Long story , will try to paraphrase: my sister is with an emotionally abusive h. Long ago he was also violent and aggressive towards her, I have no idea now whether that still goes on.
They both have rewritten history and denied any of this ever happened.
I have interfered in the past for the sake of her and my nephews, this did me no favours, the upshot being I was banned from their lives. I didn't always intervene in the best way but it was done with best intentions.
I've seen him ban his own mum for disobeying him too.
In the end, desperate to keep contact I have bitten my tongue and tired to stay friendly in the face of his constant baiting.
He hates all our family and is rude to all of us, which has ended up with her bitter that a lot of family don't bother with her. He has little to no friends, all their socialising is mainly through her and her friends. She defends him for having 'trust issues from his childhood ' and he's never forgiven me for getting involved. She says I should respect their marriage which I have done but I don't think I should respect it to the point where he can say and do whatever he likes to me without being challenged.
He loves a fight or argument and thinks he's super clever with words and wit.
Every now and then I rise to the bait. Subsequently, since end of last year I'm banned again and tbh I can't be bothered anymore, it's too upsetting and draining, she adores him and his word is gospel.
anything that goes against him is not tolerated.
I'm not perfect for having intervened but she's my sister , I've been there when she's answered yes to all the questions on the police dv risk questionnaire they do and I've heard her screaming as well as seen my nephew very distressed, I'm crying writing this.

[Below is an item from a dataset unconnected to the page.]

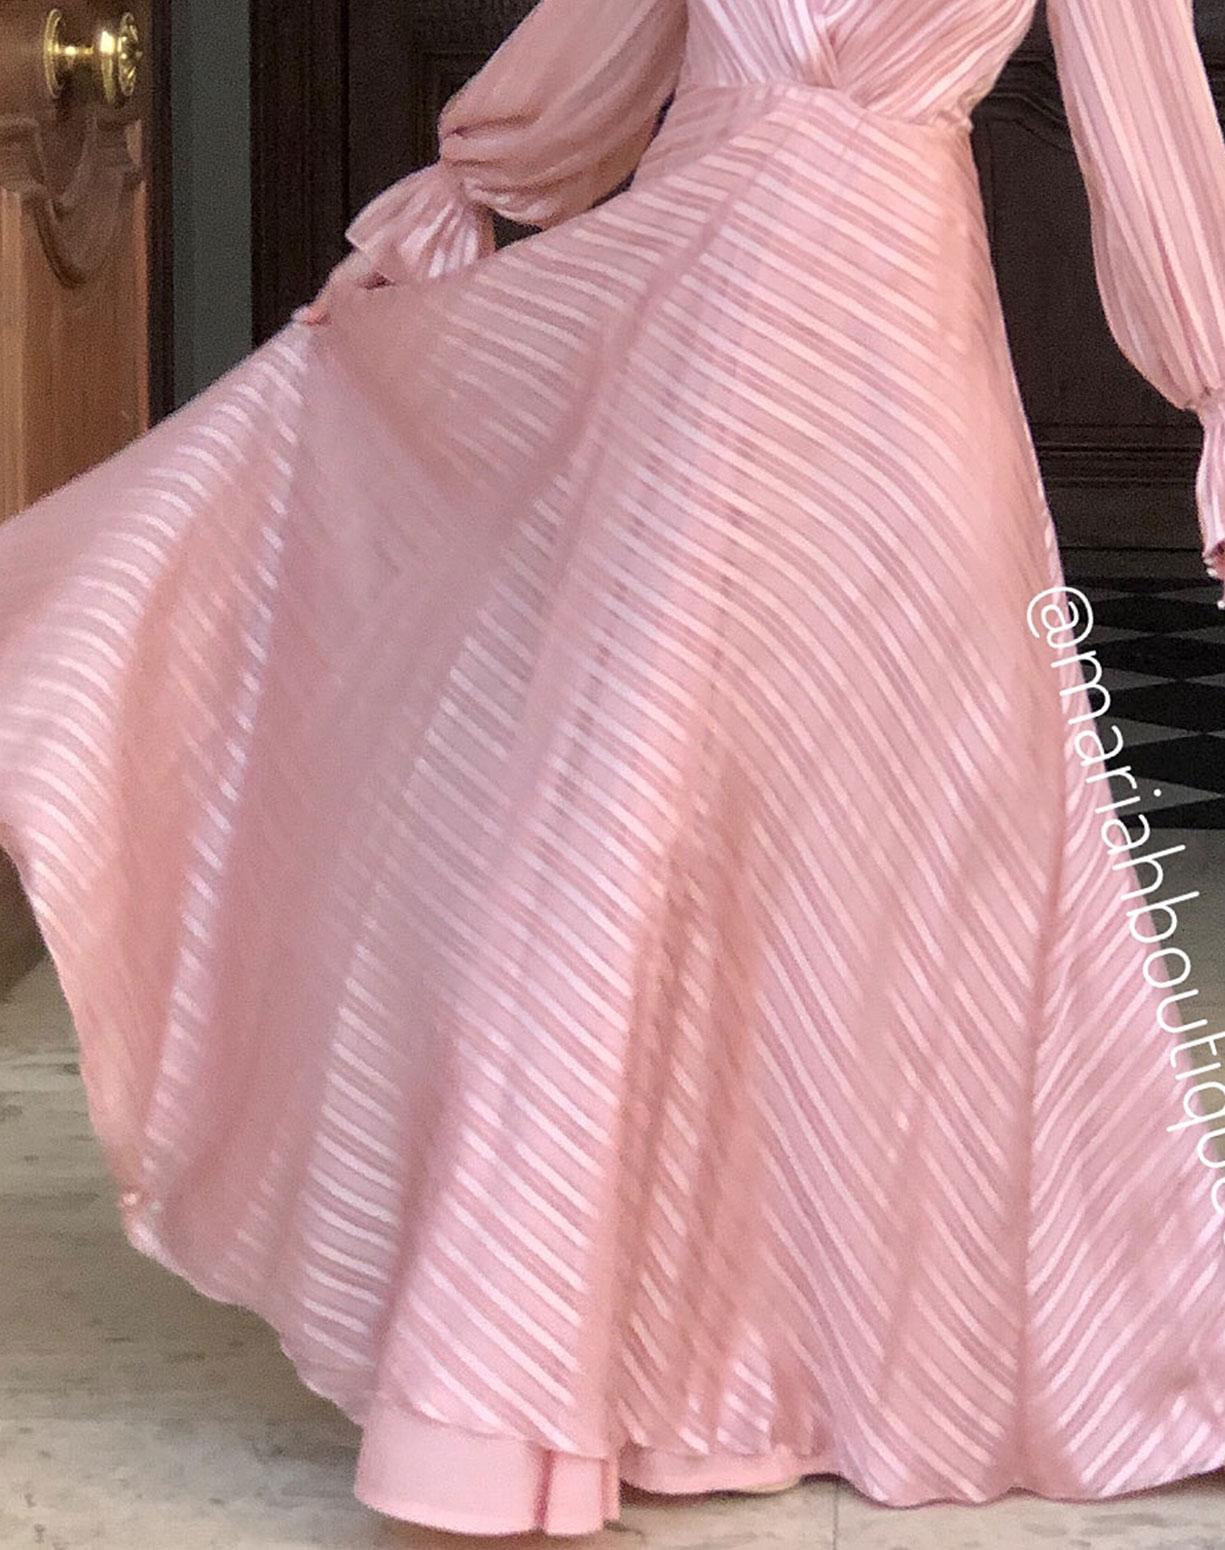 Vestido Nude Listras em Seda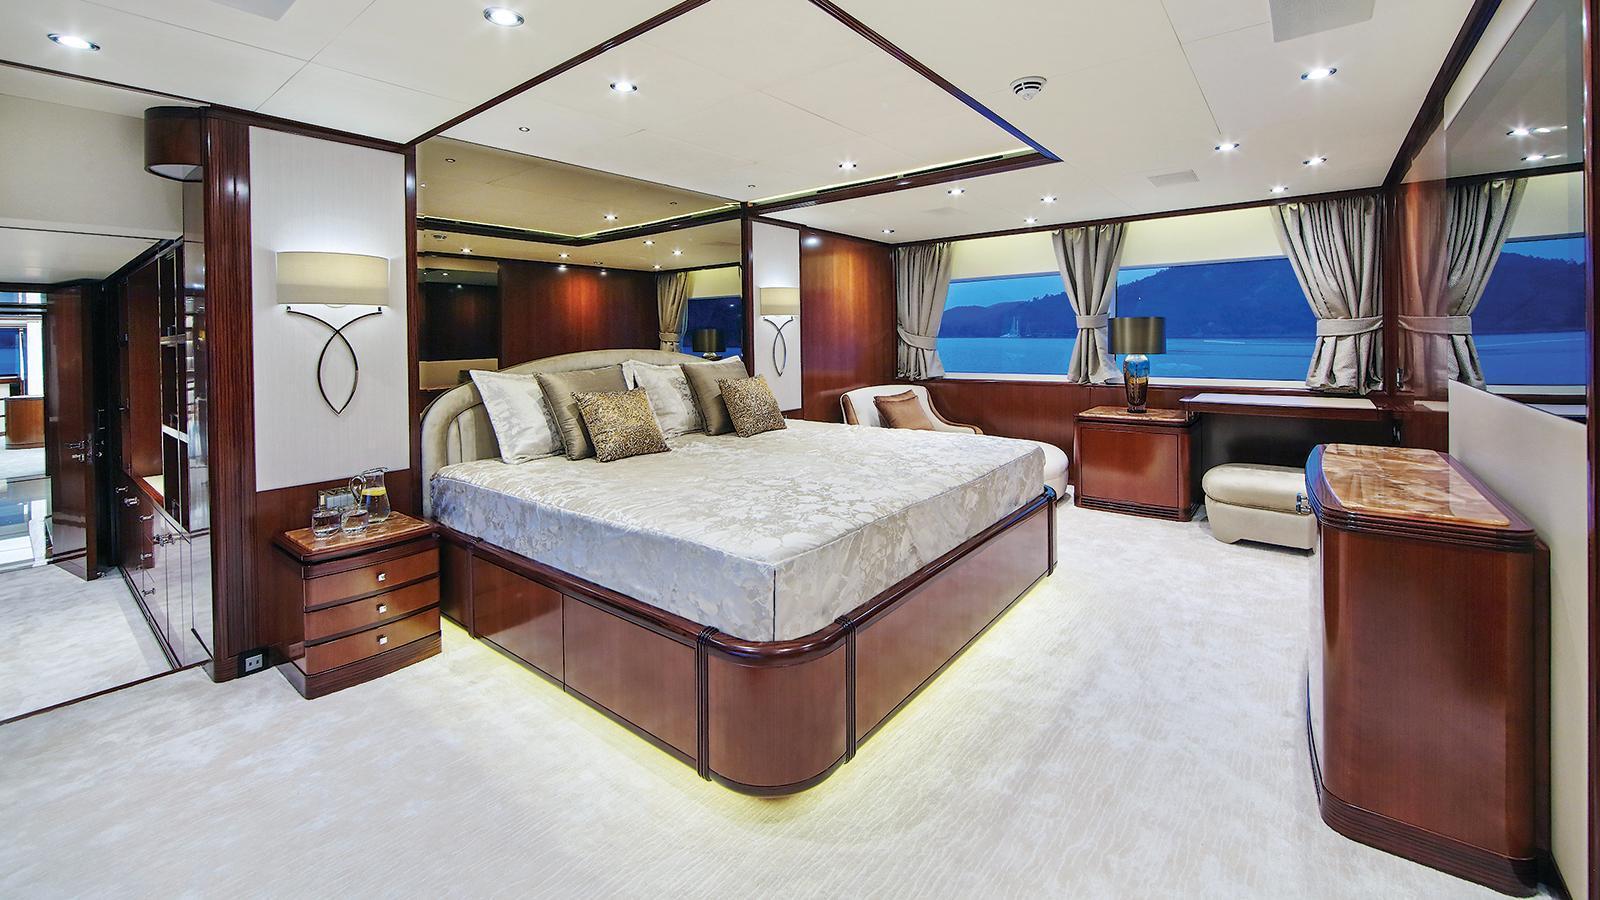 vica-motor-yacht-benetti-2015-50m-state-room

Anyway i sent Christmas presents to the kids from my kids, no acknowledgement from them and my little girl has just had a birthday. She has kept asking where her youngest cousins birthday card is and wanting to invite him to her party. Of course I haven't invited as I know it'll be ignored.
Half of me wants to tell her she shouldn't take it out on the kids but the other half of me says I'll be subject to more abuse if I contact her. What should I do?